Analyse du parcours de l’Égypte en CAN 2025

Forces de l’Égypte : Une équipe solide et expérimentée
Le parcours de l’Égypte dans la Coupe d’Afrique des Nations (CAN) 2025 est en effet frappant. L’équipe fait preuve d’une profondeur impressionnante. Avec des joueurs de l’envergure de Mohamed Salah, évoluant au sommet en Europe, et d’autres talents comme Ahmed Hegazi et Mahmoud Hassan « Trezeguet », l’Égypte possède une connaissance du jeu international inestimable.
La cohésion de l’équipe, sous la direction de son entraîneur, se traduit par un style de jeu basé sur la possession et la rapidité d’exécution. Au fil des matchs de poule, c’est une défense solide qui a émergé, capable de récupérer le ballon et de contrer avec efficacité. Lors de la rencontre contre le Ghana, par exemple, l’Égypte a brillamment limité les occasions adverses tout en exploitant les faiblesses de la défense ghanéenne.
Le soutien indéfectible des supporters égyptiens a également été un facteur moteur. Les stades, remplis d’un public passionné, ont créé une ambiance électrisante, contribuant à rehausser le moral des joueurs. Cette ferveur populaire, souvent sous-estimée, peut faire toute la différence dans les moments de tension.
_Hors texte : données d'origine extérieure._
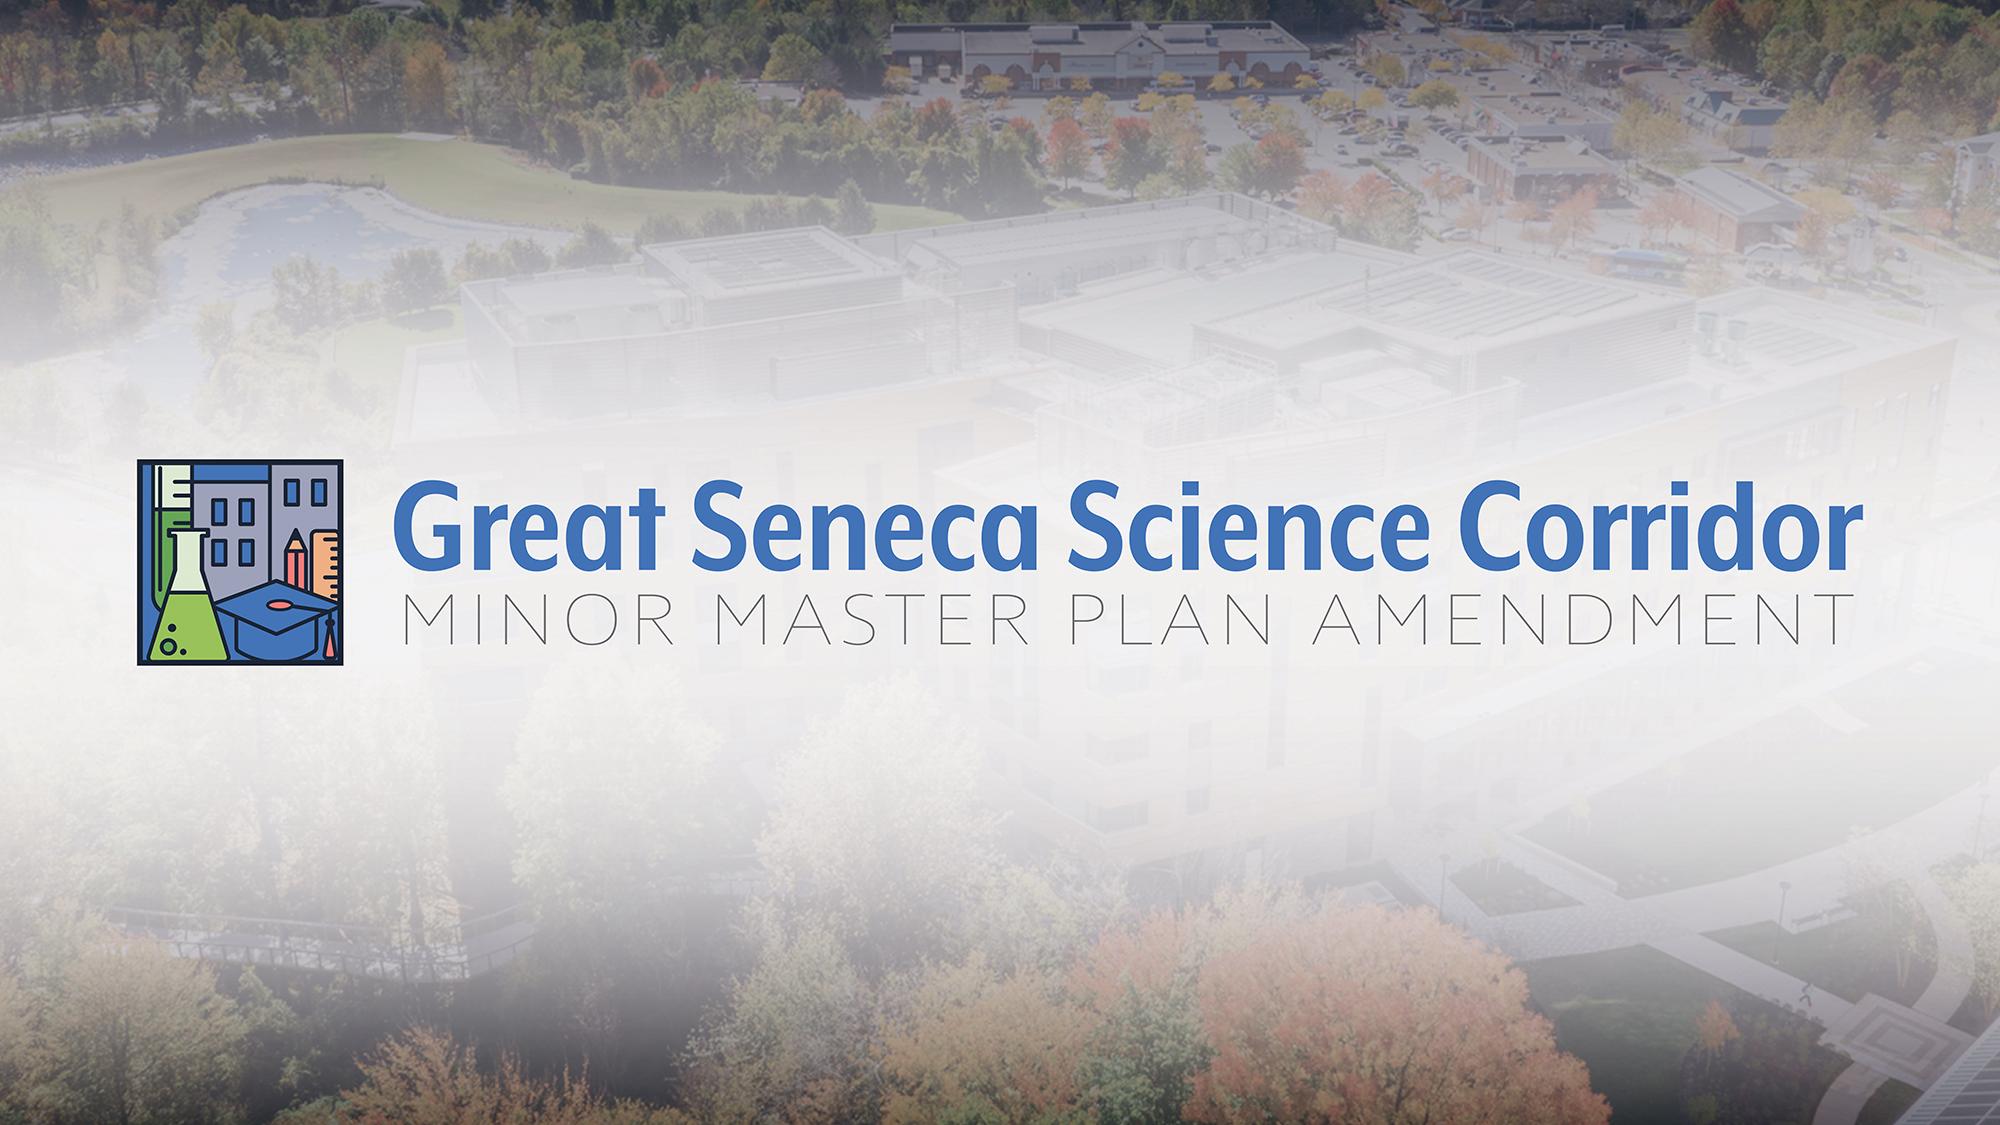 Great Seneca Science Center Minor Master Plan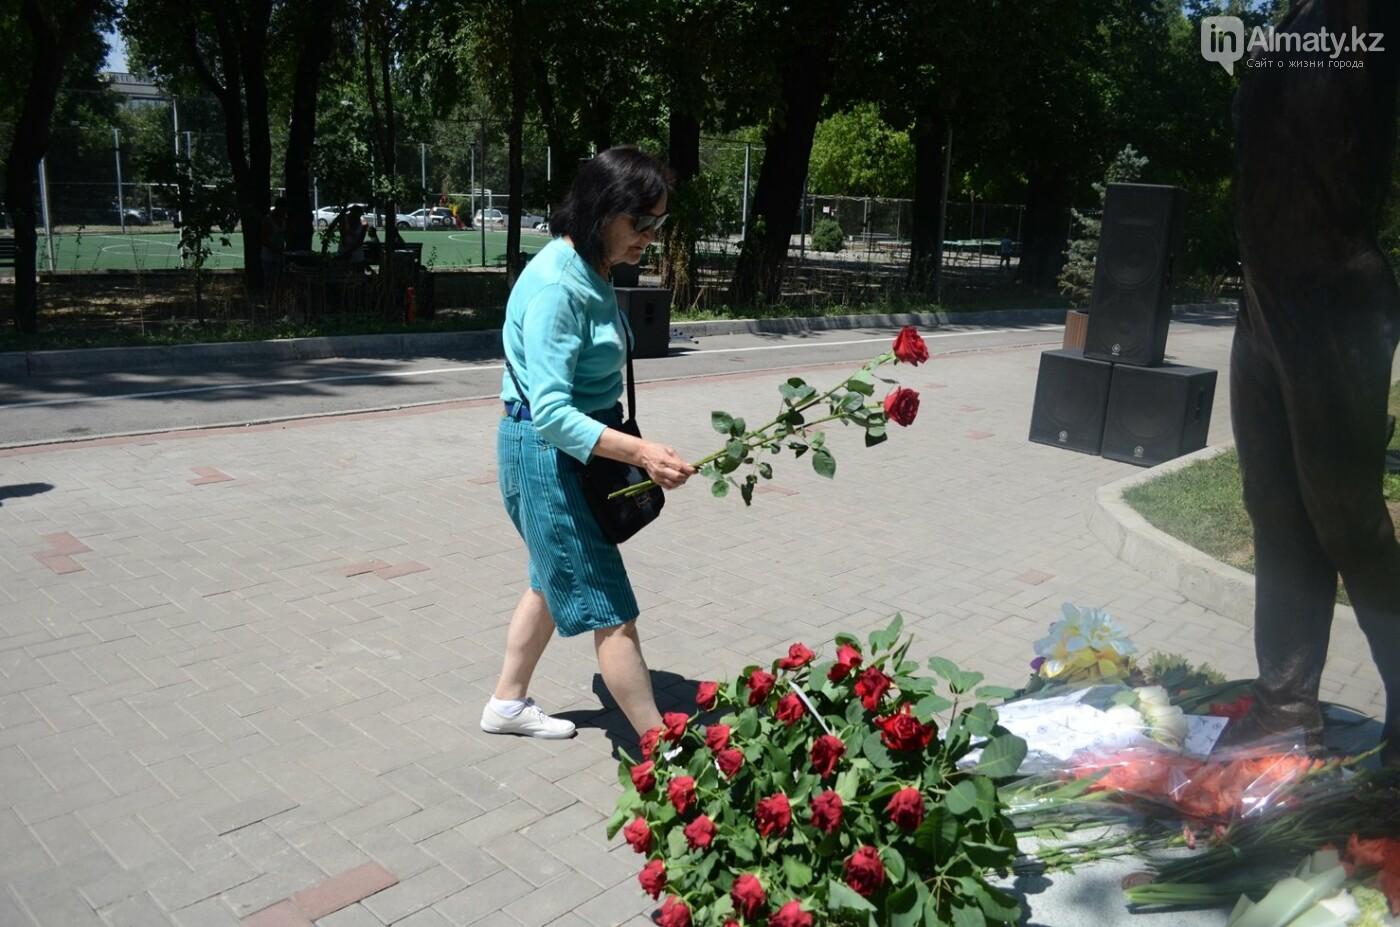 Алматинцы приносят цветы к памятнику Дениса Тена (фото), фото-1

Faiblesses de l’Égypte : Des défis à surmonter
Cependant, l’Égypte doit aussi affronté plusieurs faiblesses susceptibles de menacer son chemin vers la victoire en demi-finale contre le Sénégal. Tout d’abord, la gestion des remplacements suscite des inquiétudes. L’équipe titulaire, bien qu’impressionnante, n’offre pas toujours la même expérience sur le banc, ce qui peut s’avérer problématique en cas de blessures ou de suspensions.
De plus, la forte dépendance à Mohamed Salah pour le scoring constitue un double tranchant. Bien qu’il soit l’un des attaquants les plus redoutés au monde, une défense bien organisée peut facilement restreindre ses options. Par exemple, dans le match contre la Côte d’Ivoire, Salah a été neutralisé efficacement, ce qui souligne l’urgence pour d’autres joueurs d’assumer des responsabilités offensives.
La pression est un autre défi. Le poids des attentes est lourd, étant donné l’historique de l’Égypte à la CAN. Les joueurs doivent apprendre à gérer cette pression, surtout dans les instants décisifs. Les erreurs de jugement peuvent s’avérer fatales lors de ces matches à élimination directe.

Préparation pour la demi-finale : Stratégies et attentes
À l’approche de la demi-finale contre le Sénégal, l’Égypte doit mettre en place une stratégie qui met en avant ses forces tout en réduisant ses faiblesses. Une option pourrait être de renforcer le milieu de terrain pour contrôler le rythme et limiter les contre-attaques rapides du Sénégal, qui possède des attaquants de classe mondiale comme Sadio Mané. En augmentant la possession, l’Égypte réduirait les possibilités pour l’adversaire tout en créant des opportunités pour ses propres attaquants.
Encourager d’autres joueurs à prendre des initiatives offensives est essentiel. Des joueurs tels que Trezeguet ou Ramadan Sobhi doivent être prêts à se montrer décisifs, que ce soit en prenant des tirs lointains ou en se positionnant pour des passes décisives. Cela pourrait engendrer des déséquilibres dans la défense sénégalaise, permettant à Salah de trouver plus d’espaces.
La gestion de la pression sera déterminante. Les joueurs doivent se préparer mentalement à l’intensité d’un match de ce niveau. Des séances de préparation psychologique peuvent renforcer leur confiance et leur résilience. En somme, bien que l’Égypte ait les ressources pour briller, sa capacité à s’adapter et à surmonter les obstacles sera essentielle pour la réussite.
Alors que l’équipe se prépare à affronter le Sénégal, des questions subsistent : l’Égypte réussira-t-elle à surmonter ses faiblesses tout en capitalisant sur ses forces ? Les attentes des supporters seront-elles un moteur ou un fardeau ? L’issue de cette demi-finale pourrait réellement redéfinir le futur du football égyptien sur la scène africaine.